The determination of the exact location of the Louisiana
coastline remained for resolution. In
United States v.
California, 381 U. S. 139
(1965), this Court held that Congress had left to the courts the
task of defining "inland waters," and the Court adopted for
purposes of the Submerged Lands Act the definitions contained in
the international Convention on the Territorial Sea and the
Contiguous Zone, ratified by the United States in 1961. [1964] 15
U.S.T. (pt. 2) 1607, T.I.A.S. No. 5639. In the present litigation,
in March, 1969, the Court held that that part of Louisiana's
coastline which, under the Submerged Lands Act, consists of "the
line marking the seaward limit of inland waters,"
see 43
U.S.C. § 1301(c), is also to be drawn in accordance with the
definitions of the Convention. It decided to refer to a Special
Master particularized disputes over the precise boundary between
the submerged lands belonging to the United States and those
belonging to Louisiana.
394 U. S. 394 U.S.
11. A Master was appointed.
395 U. S. 901
(1969).
A second supplemental decree was entered December 20, 1971.
404 U. S. 404 U.S.
388. That decree, among other things, determined that the United
States had exclusive rights to an area of the Continental Shelf
lying more than one foot seaward of a line therein described;
recited that sums held impounded by the United States under the
Interim Agreement and derived from those lands were released to the
United States,
id. at
404 U. S. 389;
and provided that leases of lands lying partly within that area and
partly landward thereof were not affected
Page 446 U. S. 259
by the decree, so that revenues derived therefrom were to remain
subject to impoundment,
id. at
404 U. S.
402.
Still a third supplemental decree was entered October 16, 1972.
409 U. S. 409 U.S.
17. By this decree, the Court ruled that, with a stated exception,
Louisiana was entitled to all lands, minerals, and other natural
resources lying more than one foot landward of a line therein
described and seaward of the ordinary low-water mark on the
Louisiana shore,
id. at
409 U. S. 17-18;
that leases of land partly within that area and partly seaward
thereof were not affected by the decree, so that revenues derived
therefrom were to remain subject to impoundment; and that all sums
held impounded by Louisiana or the United States under the Interim
Agreement derived from leases of lands wholly within areas allotted
to Louisiana were released to that State,
id. at
409 U. S.
31.
The Special Master thereafter filed his report dated July 31,
1974. Exceptions to that report made by the United States and by
Louisiana, respectively, were overruled, the Special Master's
recommendations were accepted, and the parties were directed to
prepare and file a proposed decree establishing "a baseline along
the entire coast of the State of Louisiana."
420 U. S. 420
U.S. 529,
420 U. S. 530
(1975).

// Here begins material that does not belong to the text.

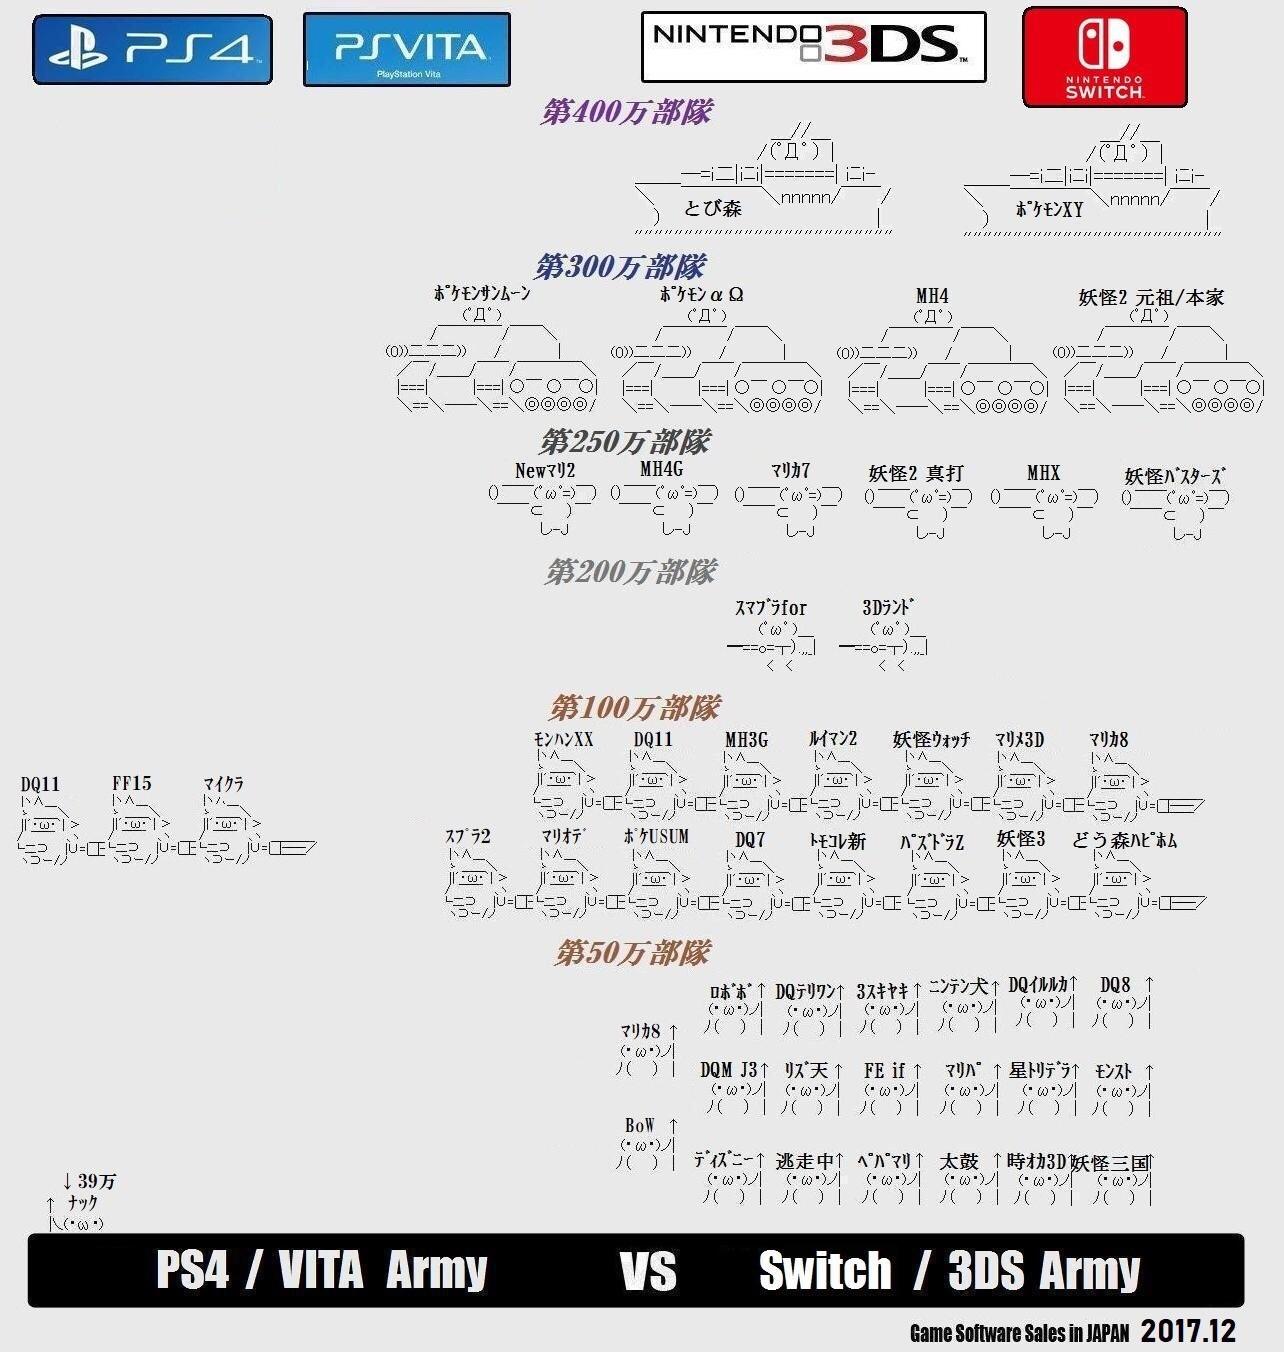 任天堂ハードとPSハードの売り上げ比

The parties were able to agree, and a fourth supplemental
decree was entered June 16, 1975.
422 U. S. 422 U.S.
13. Exclusive rights were affirmed in the respective parties in
areas lying landward or seaward of a line three geographical miles
seaward of the baseline, and impounded sums were released
accordingly.
Id. at
422 U. S. 13-14.
Cross-payments within 90 days and cross-accountings within 60 days
were ordered.
Id. at
422 U. S. 15.
The decree recited: "It is understood that the parties may be
unable to agree on . . . whether interest may be due on funds
impounded pursuant to the Interim Agreement of October 12, 1956."
Id. at
422 U. S. 17.
The required accountings were filed and referred to the Special
Master. 423 U.S. 909 (1975).
The Master held hearings on the accountings and on the
objections that were interposed. He now has filed his
supplemental
Page 446 U. S. 260
report dated August 27, 1979. Louisiana and the United States
have each filed exceptions to that report.
II
As was observed at the beginning of this opinion, the parties
and this Court should be near the end of this long-enduring
litigation. The territorial dispute has been resolved. The boundary
between federal and state submerged lands, except for the formal
entry of yet another supplemental decree describing that boundary,
has been fixed. And each party has been directed to account for
revenues derived from areas adjudicated to the other sovereign.
The Special Master's supplemental report recites the filing of
the several accountings by Louisiana and by the United States; the
respective objections made to those accountings; the agreements
reached by the parties; and the fact that three issues remain
unresolved. As phrased by the Master, these issues are:
"First issue -- Is the United States obligated to account for
and pay to the State of Louisiana either the value of the use of
Louisiana's share of the impounded funds or interest upon that
portion of those funds?"
"Second issue -- Does Louisiana have the obligation to account
for revenues received by it from mineral leases on areas lying
within Zone 1?"
"Third issue -- Does Louisiana have the obligation to account
for as unimpounded funds and to pay to the United States money
collected by it as severance taxes on minerals removed from areas
subsequently determined to belong to the United States?"
The Master's ruling on each issue was in the negative. He has
recommended that all exceptions to the accountings be overruled,
and that the accountings be approved as filed.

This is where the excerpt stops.